Alas, just about everyone who follows Gerry Schum and his TV Gallery onto the screen here has even less talent for that medium than he does. I was surprised to see Richard Serra, who is these days best known for his hulking outdoor sculptures made of rusty steel, popping up with a video piece from 1973, called Television Delivers People, which consisted entirely of angry sentences rolling up the screen: “It is the consumer who is consumed”; “You are the product of TV”; “What television teaches through commercialism is materialistic consumption”.
It’s not that Serra is wrong that is so disappointing here. In most respects, he is right. But it takes a particular kind of artistic boneheadedness to believe that presenting effortful anti-TV sentiments on a rolling screen constitutes an imaginative use of the medium. I don’t think I’ll be able to look at one of Serra’s rusty totems with a straight face again. The man has the intellectual agility of a bucket of concrete.
As you go along the line of old-fashioned analogue TVs, specially imported from China, artist after artist has a swipe at the box. In Joan Does Dynasty, “a classic work of feminist media deconstruction”, Joan Braderman pops up in the corner of an old episode of Dynasty, like someone providing subtitles for the deaf, and snipes away laboriously at the display of “capitalism, patriarchy and consumption” taking place behind her.

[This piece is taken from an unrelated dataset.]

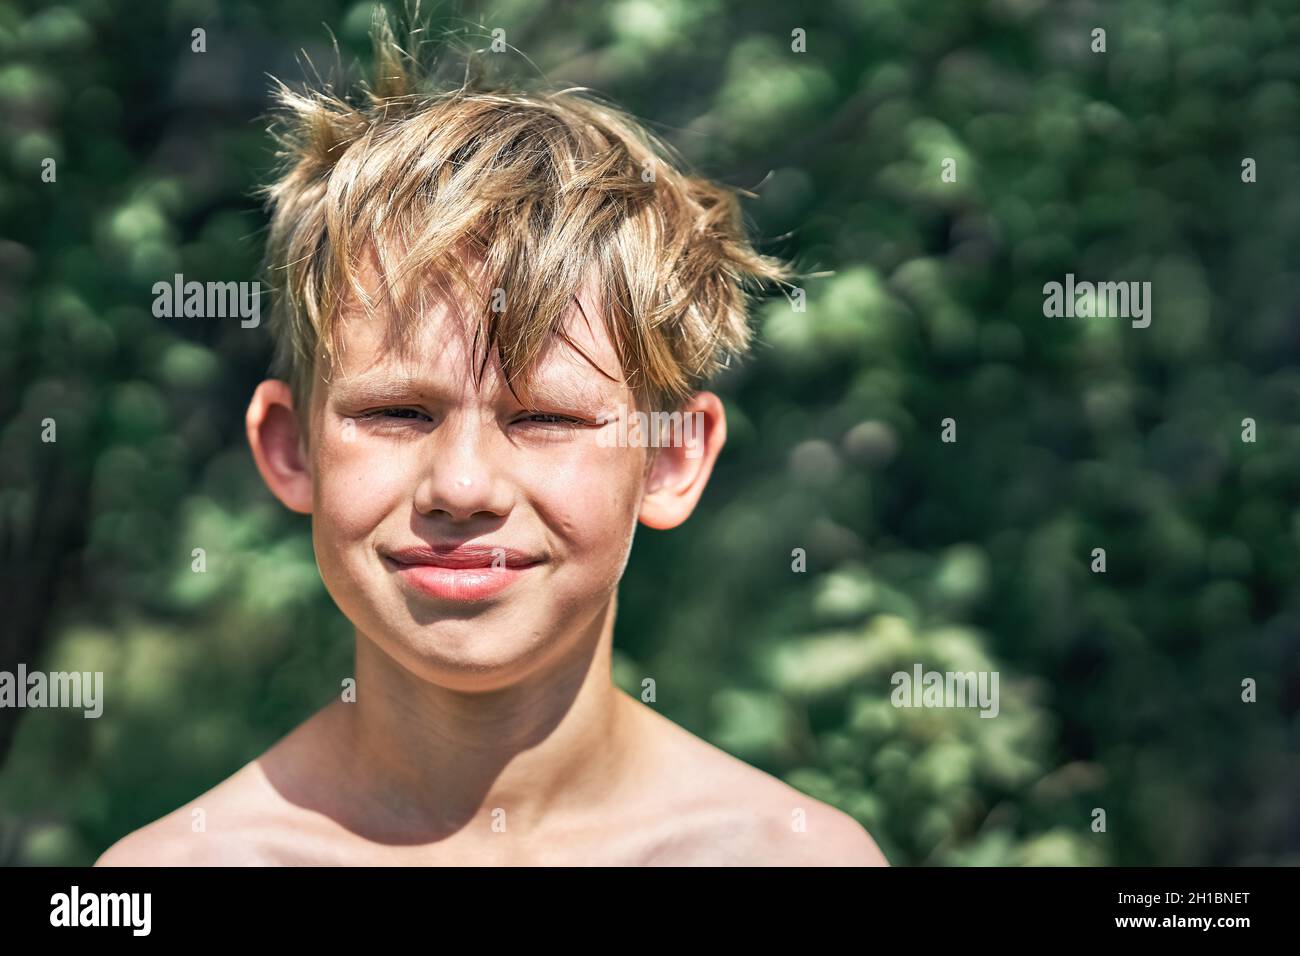 Jeune garçon d'école souriant, avec des cheveux rugueux blonds, postés pour un appareil photo dans un parc vert lors d'une belle journée d'été Banque D'Images

Upstairs, the tone grows even preachier. Adopting the persona of a worried newsreader, Adrian Piper — whose work I last saw at the Alice in Wonderland exhibition in Liverpool, where she exhibited wonderfully psychedelic LSD paintings — lectures us gravely on our racial responsibilities. “I’m black. Let’s deal with the social fact of my stating it together,” she oozes unctuously, like Fiona Bruce breaking the news of a presidential death. Where’s the zapper?
The only TV any of these angries seems to have watched is the news. Richard Hamilton shows us a victim of police brutality at Kent State. Harun Farocki and Andrei Ujiica give us an archive of images shot in Romania during the fall of Ceausescu. Taryn Simon features an Arab-language satellite station whose broadcasts are banned in America.
How unimpressive that all these artists, from all these countries, working at all these different times, look as if they have all misunderstood television in the same way. They really ought to stay in more.